City, county lawyers to meet about settlement
County moving forward on sewering Devola
With court orders to sewer Devola accepted, legal counsel for both the Washington County Commissioners and Marietta City Council are moving forward to settle the city’s case against the commissioners.
The city still has open litigation against the county commissioners and county health board for a breach of a 40-year contract to sewer both Devola and Oak Grove by the end of December 2016 and remain connected through at least 2051, with an automatic renewal for service every 20 years unless terminated in the final five years of each renewal period.
But as the Washington County Commissioners begin a plan to follow Ohio Environmental Protection Agency orders to sewer Devola, pursuing funding options with the U.S. Department of Agriculture and other state and federal granting agencies, Washington County Engineer Roger Wright said last week that the soonest the county could have infrastructure in place to sewer Devola would be a year and a half, with the connection of homes to follow.
“But that would be the most expensive way,” Wright noted, citing mechanisms and rights of way to be obtained based off of the original plan to bring the estimated 320 Devola homes online and connected to existing sewer infrastructure available.

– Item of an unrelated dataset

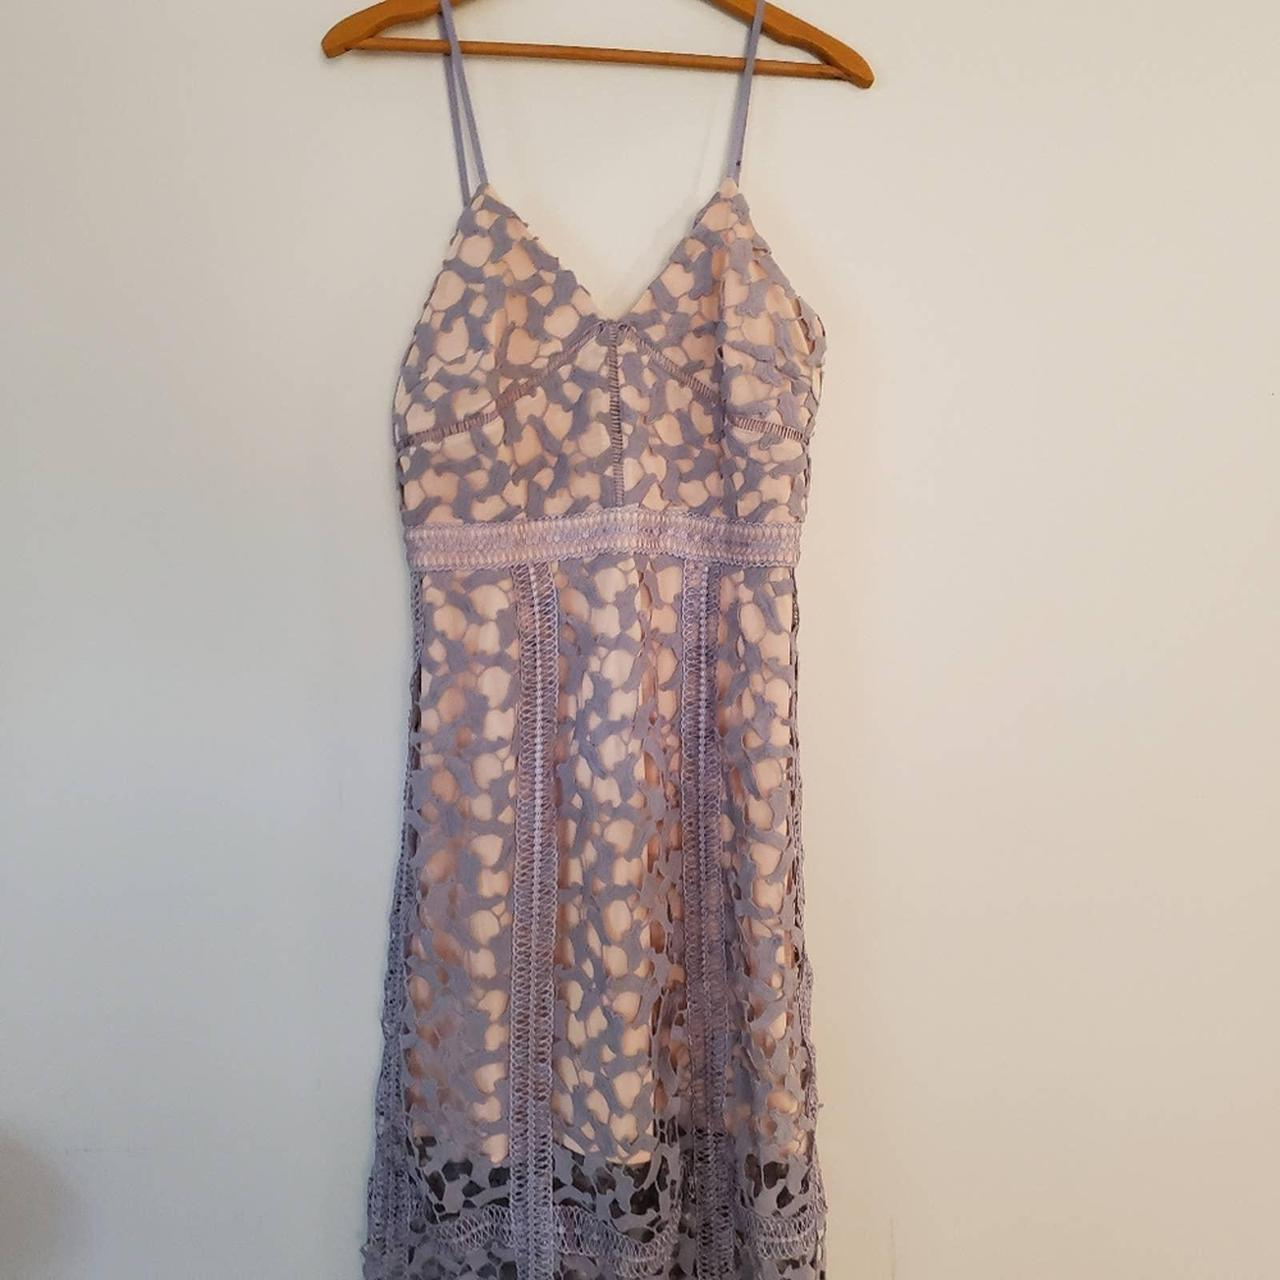 Product Image 1 - Elliatt dress. Lilac lace dress

But, he said, less expensive options utilizing gravity flow and potential grants would take more time to flesh out.
Washington County Assistant Prosecutor Nicole Coil said Wednesday that official correspondence between her and City Law Director Paul Bertram has continued since the commissioners’ acceptance of court orders to sewer Devola, but that the ball is in the city’s court on whether or not to accept a settlement offer made during mediation on Oct. 23.
“I can’t state what it is,” she said of the offer, citing mediation rules. “But I can tell you that I recently sent Paul Bertram a letter indicating that we are not intending to build Devola its own plant but rather intend to connect that area to Marietta’s existing sewer.”
Bertram said Wednesday that he received the letter from Coil Tuesday and is drafting a response with the aim to have counsel sit and go over a counter offer.
“There will be an offer coming back to them,” he noted.
“We’re also going to try and get our county and their city engineer hooked up to get together a more informed plan of how we’re going to get Devola hooked in,” added Coil.
Meanwhile, Coil said she intends to file a response by Jan. 18 in the city’s most recent refiling of the breach of contract against the commissioners and complaint against the board of health for not enforcing state health statutes.
“We’ve refiled but with Mr. Bertram as the main attorney in this case,” explained co-counsel Matthew Dooley, who has been representing the city in the matter since he was hired by authorization of Marietta City Council on Oct. 20, 2016. “The court’s rulings on the original case both against the commissioners and the board of health were only ever procedural in not having Mr. Bertram named and not on the merits of the case itself.”
In the filing the city asks that the court’s appointed judge, Linton B. Lewis, rule to enforce the contract, hold the board of health accountable for not protecting the health of residents of Washington County downstream of Devola and Oak Grove from contaminated groundwater risks, and/or impose a payment for damages to the city for the county’s inaction including approximately 16 million in administrative and operating costs and the 11.7 percent of the capital cost to renovate the plant.
Commissioners Ron Feathers and David White did not return calls for comment. Commissioner Kevin Ritter referred questions concerning the issue to Coil Wednesday.
At a glance:
• Washington County Commissioners intend to sewer Devola and connect that portion of Muskingum Township to Marietta’s sewer system.
• Marietta and Washington County legal counsel plan to meet in coming weeks to discuss a settlement of the city’s lawsuit against the county for not sewering Devola and Oak Grove by December 2016.